◆ WHAT YOU ARE ASKED TO DO
Reproduce what is written in the records below exactly, and leave out the images.

◆ INFORMATION GIVEN
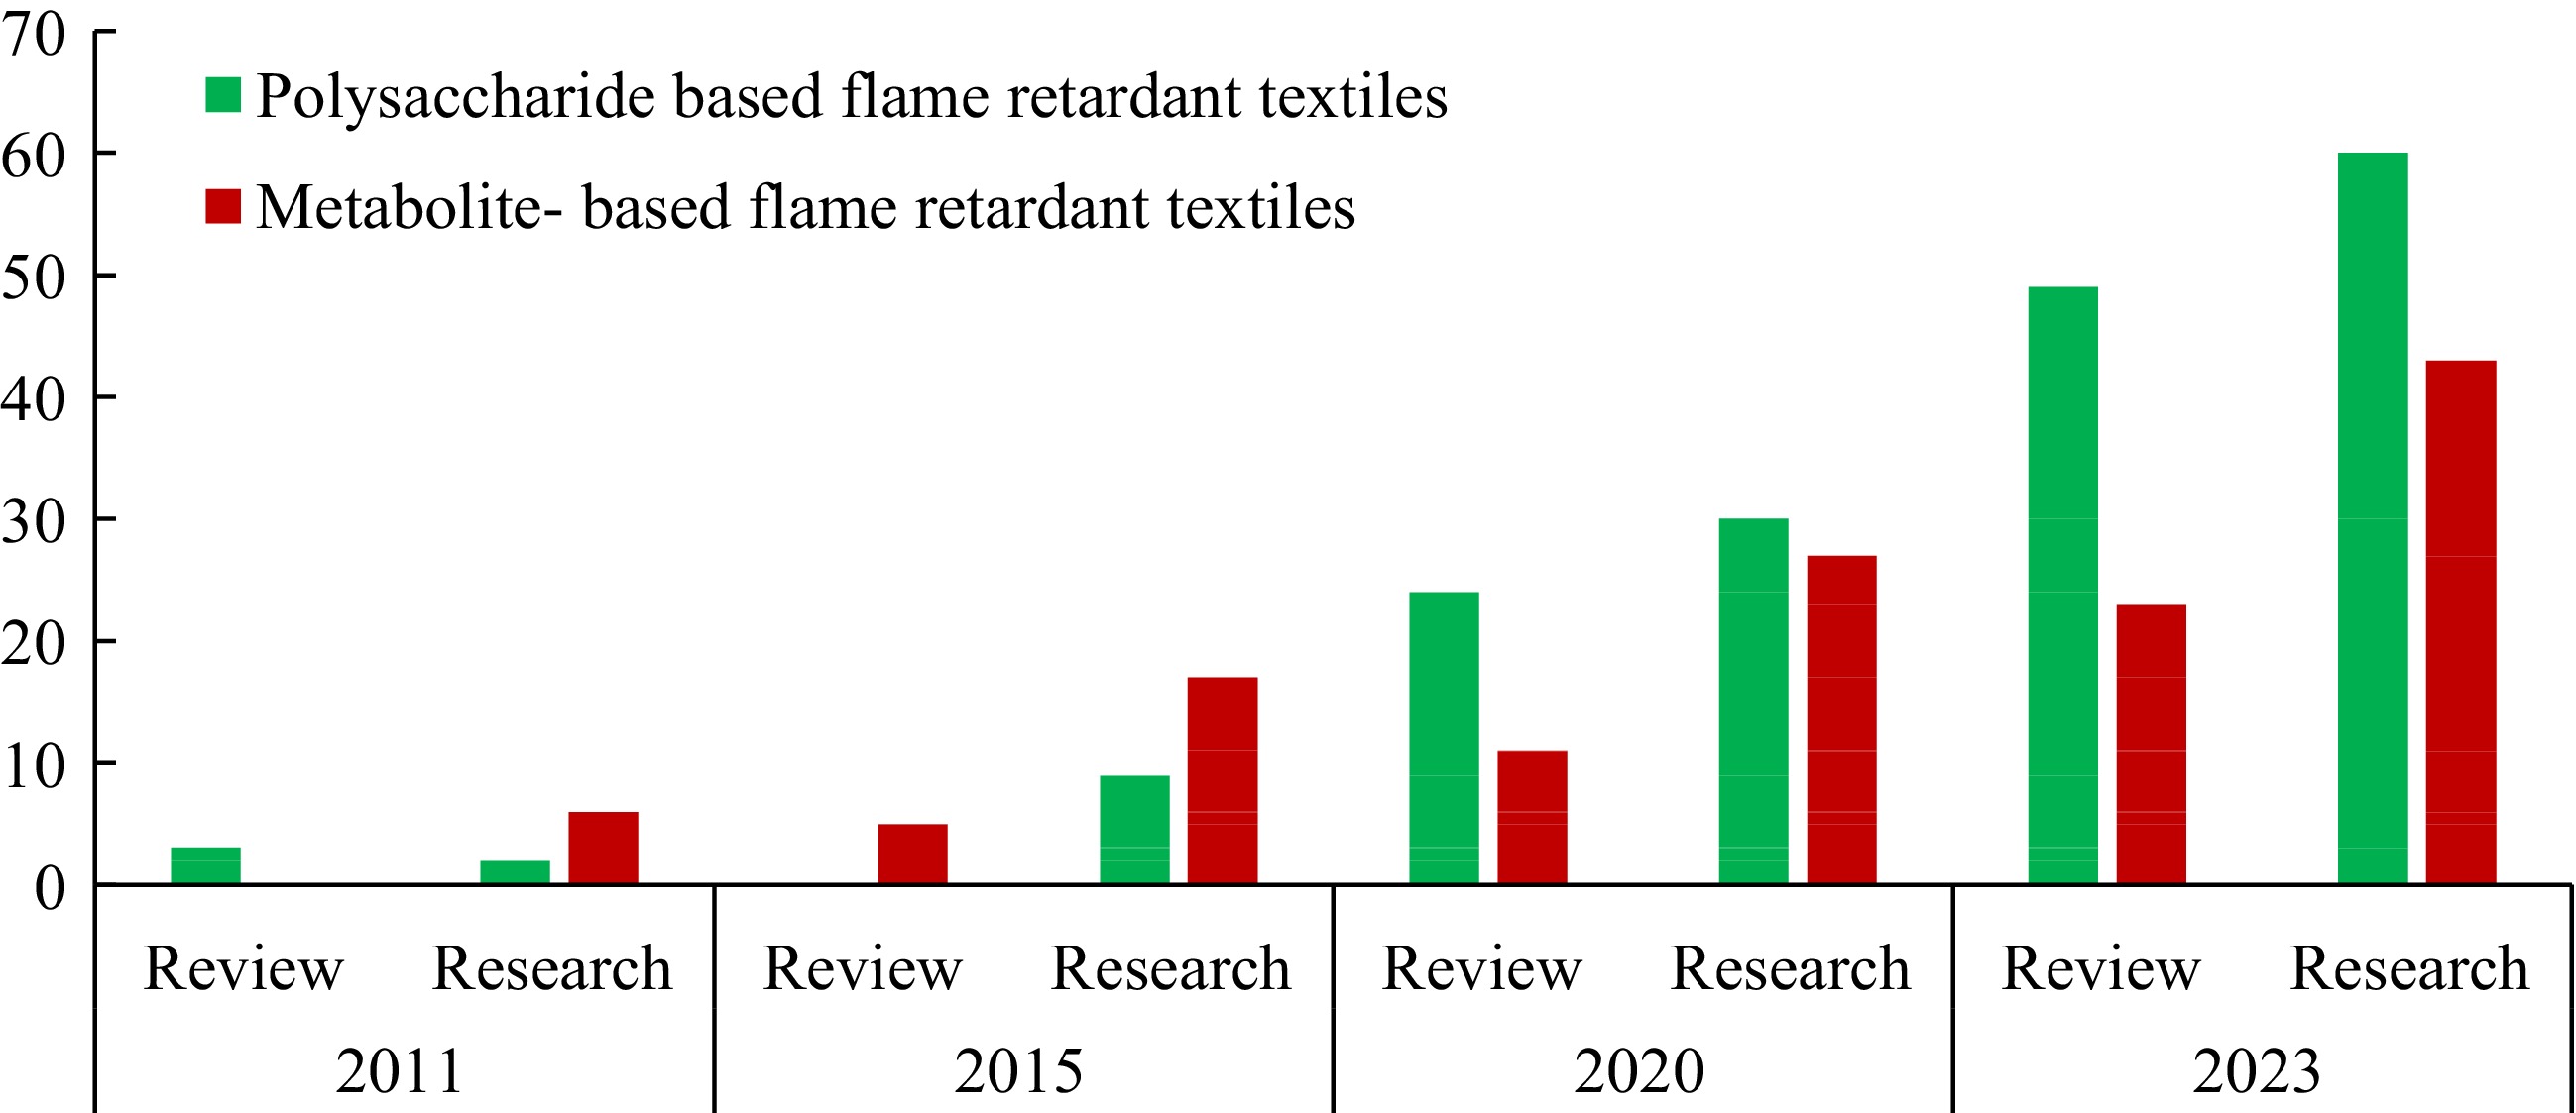 Flame retardant textiles
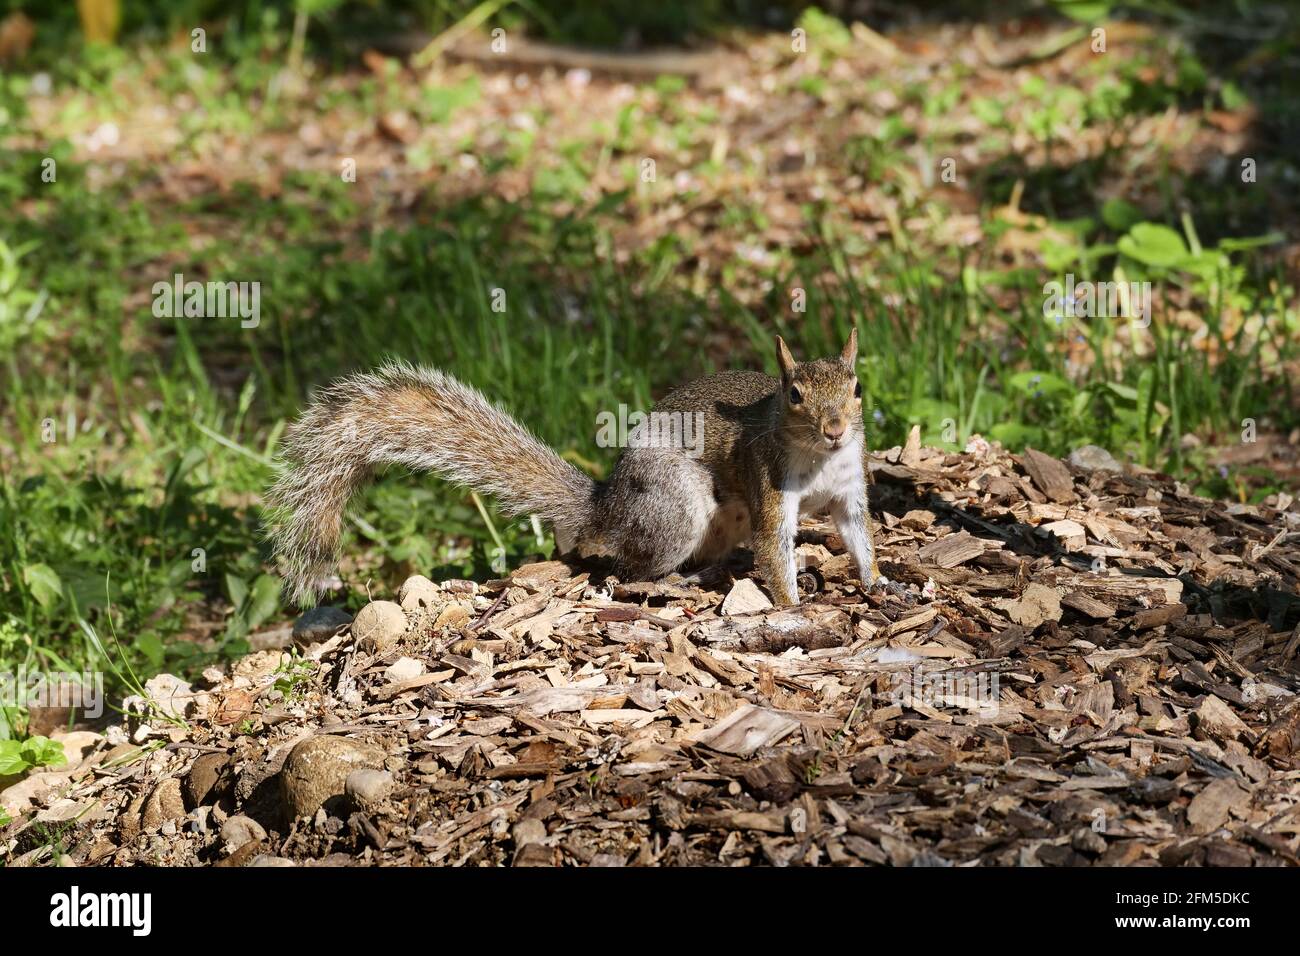 Squirrel posing in Villa Real pubblic park, Monza, Italy Stock Photo
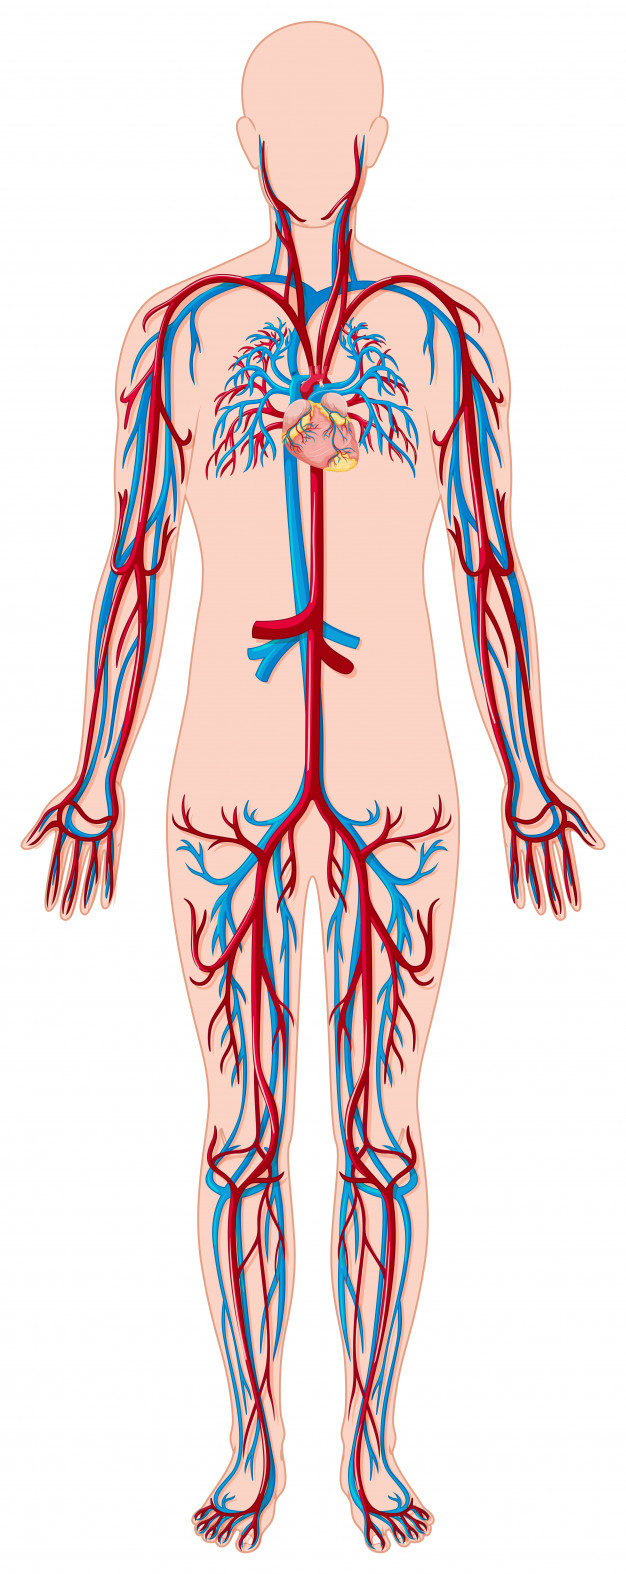 Blutgefäße im menschlichen Körper
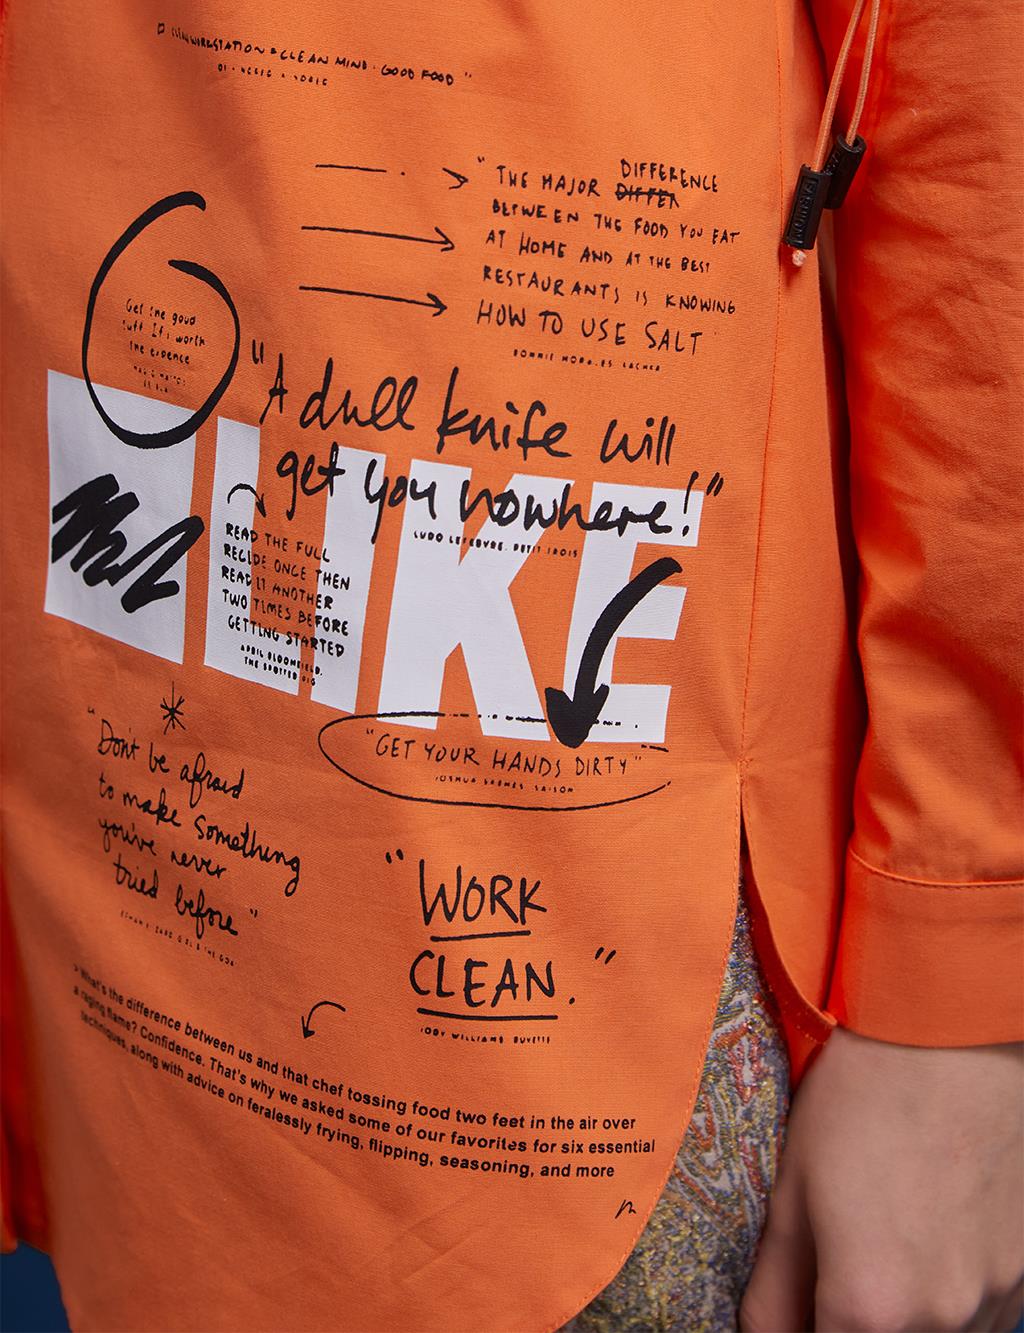 Shoulder Detailed Printed Shirt Orange
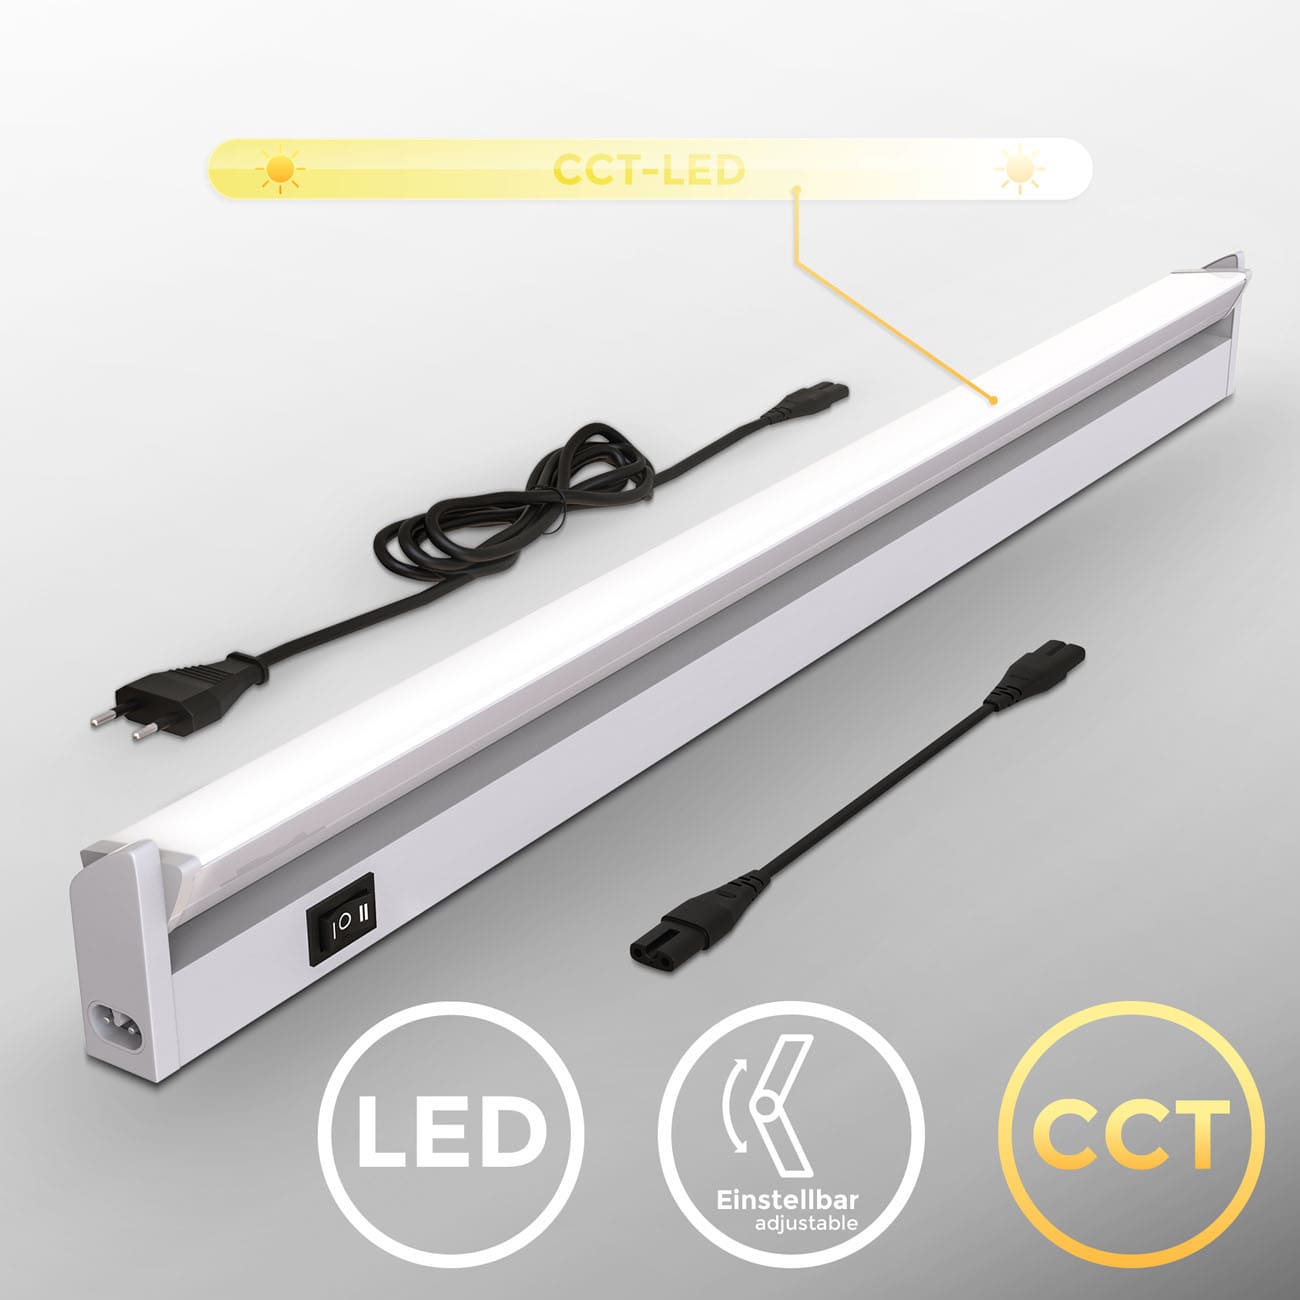 LED CCT Lichtleiste Unterschrankleuchte silber - 3
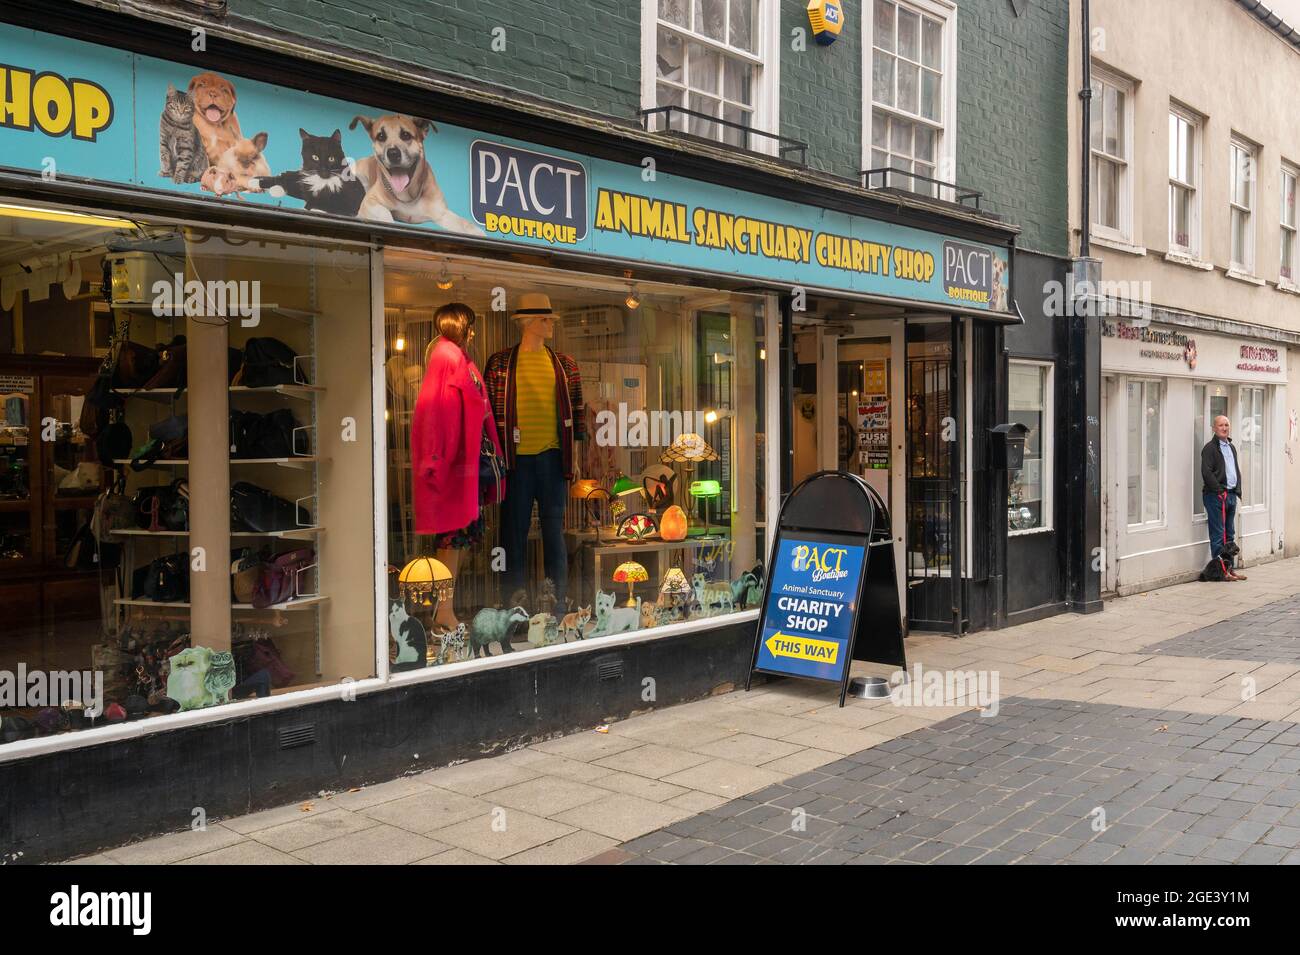 Pact boutique, Animal santuario negozio di beneficenza in dove Street Norwich Foto Stock

◆ REPLY TO THE EXERCISE
 Flame retardant textiles
 Squirrel posing in Villa Real pubblic park, Monza, Italy Stock Photo
 Blutgefäße im menschlichen Körper
 Shoulder Detailed Printed Shirt Orange
 LED CCT Lichtleiste Unterschrankleuchte silber - 3
 Pact boutique, Animal santuario negozio di beneficenza in dove Street Norwich Foto Stock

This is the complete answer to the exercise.